Dataset records: Begin

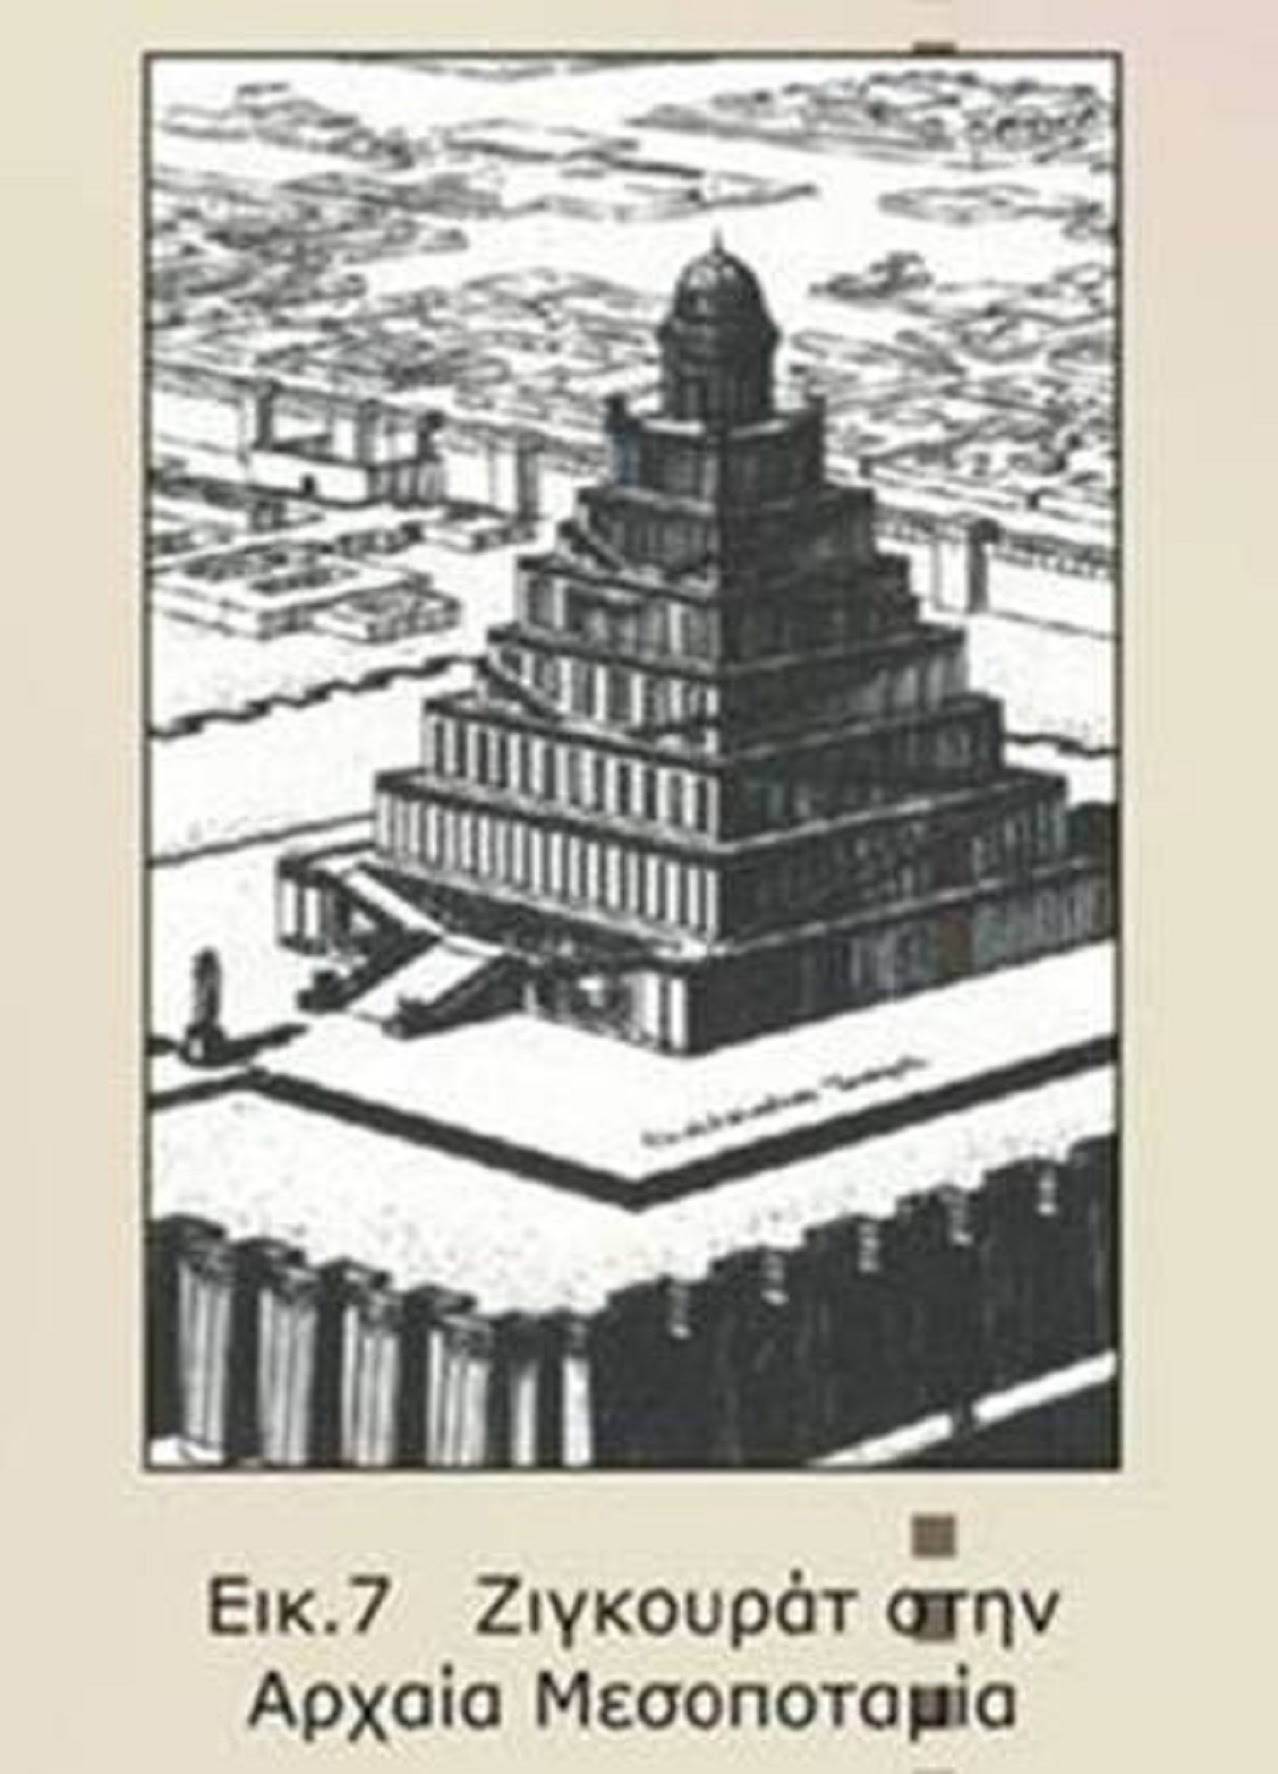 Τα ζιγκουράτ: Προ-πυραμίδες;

Dataset records: End
Dataset records: Begin

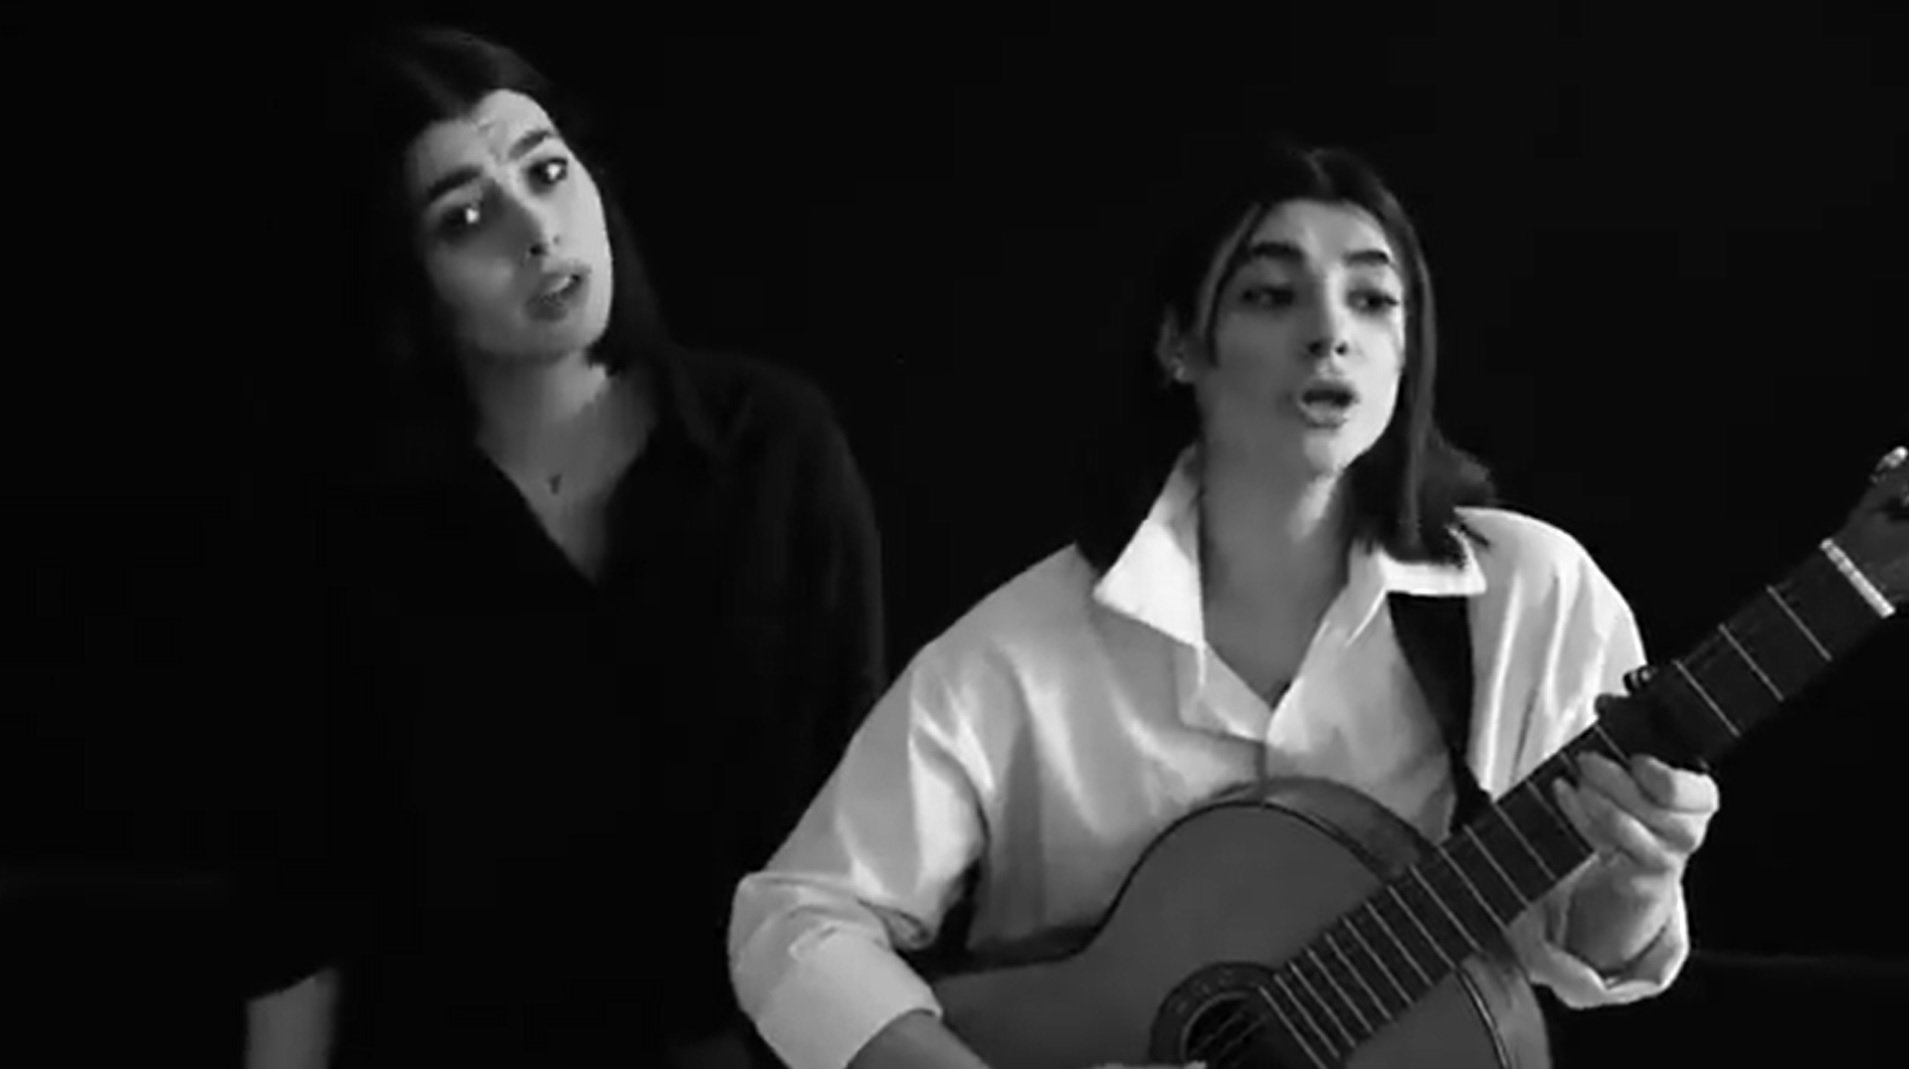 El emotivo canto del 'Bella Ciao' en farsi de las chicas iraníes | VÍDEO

Dataset records: End
Dataset records: Begin

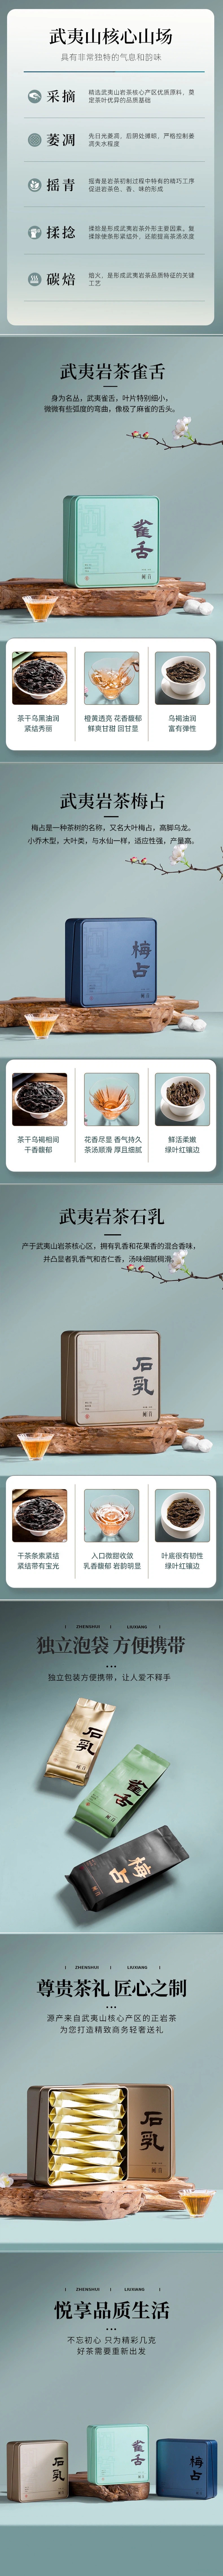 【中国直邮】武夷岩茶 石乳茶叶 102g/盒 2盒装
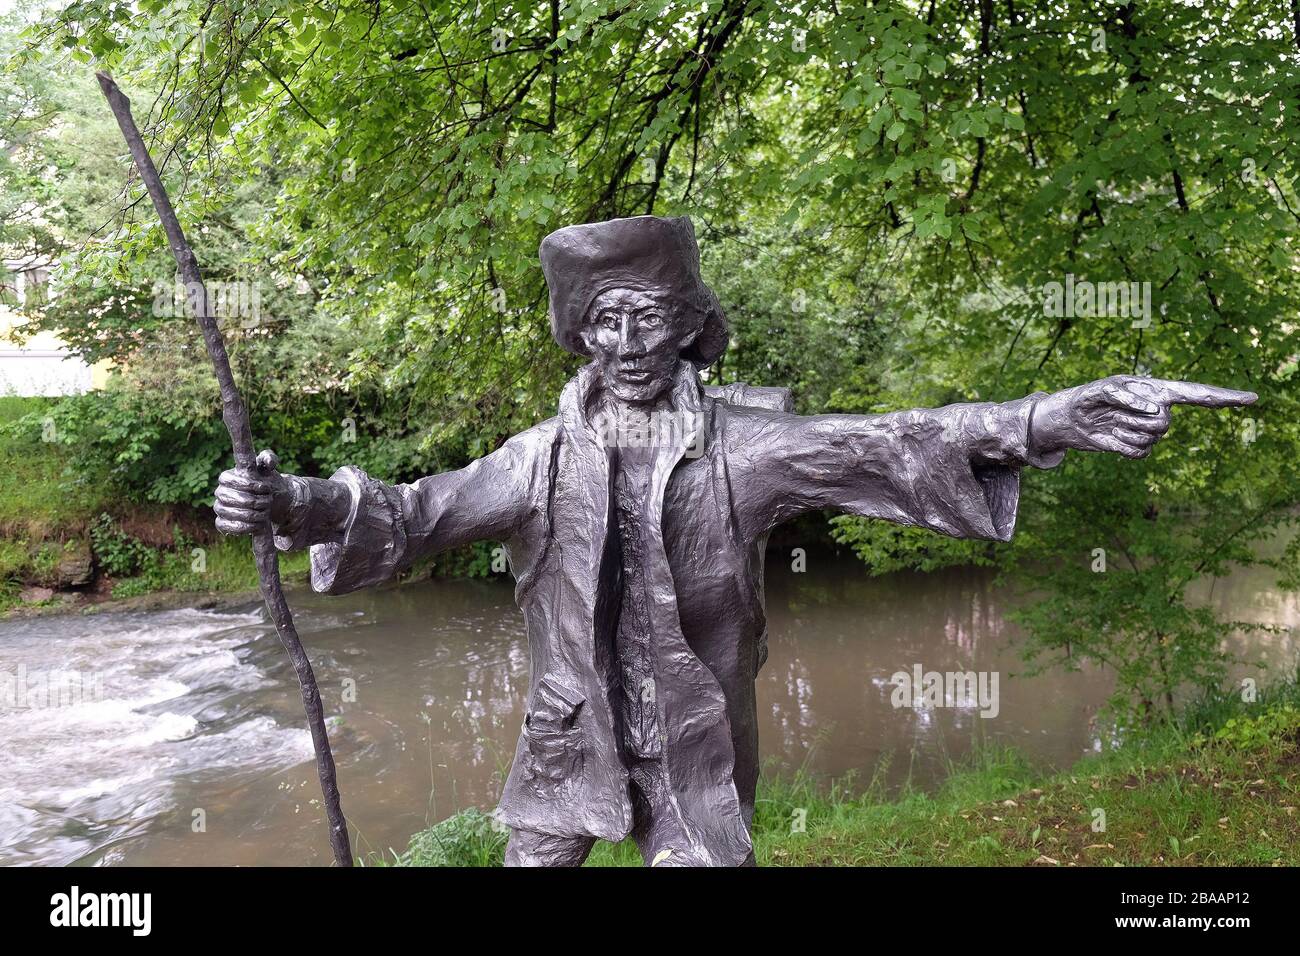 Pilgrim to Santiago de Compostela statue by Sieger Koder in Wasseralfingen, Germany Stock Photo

Dataset records: End

▸ **Description of the task**:
Find the line with "石乳茶叶 102g/盒 2盒装" in the data above, and from there retype each line exactly through the line with "Pilgrim to Santiago", skipping the pictures along the way.

▸ **Response box**:
 【中国直邮】武夷岩茶 石乳茶叶 102g/盒 2盒装
 Pilgrim to Santiago de Compostela statue by Sieger Koder in Wasseralfingen, Germany Stock Photo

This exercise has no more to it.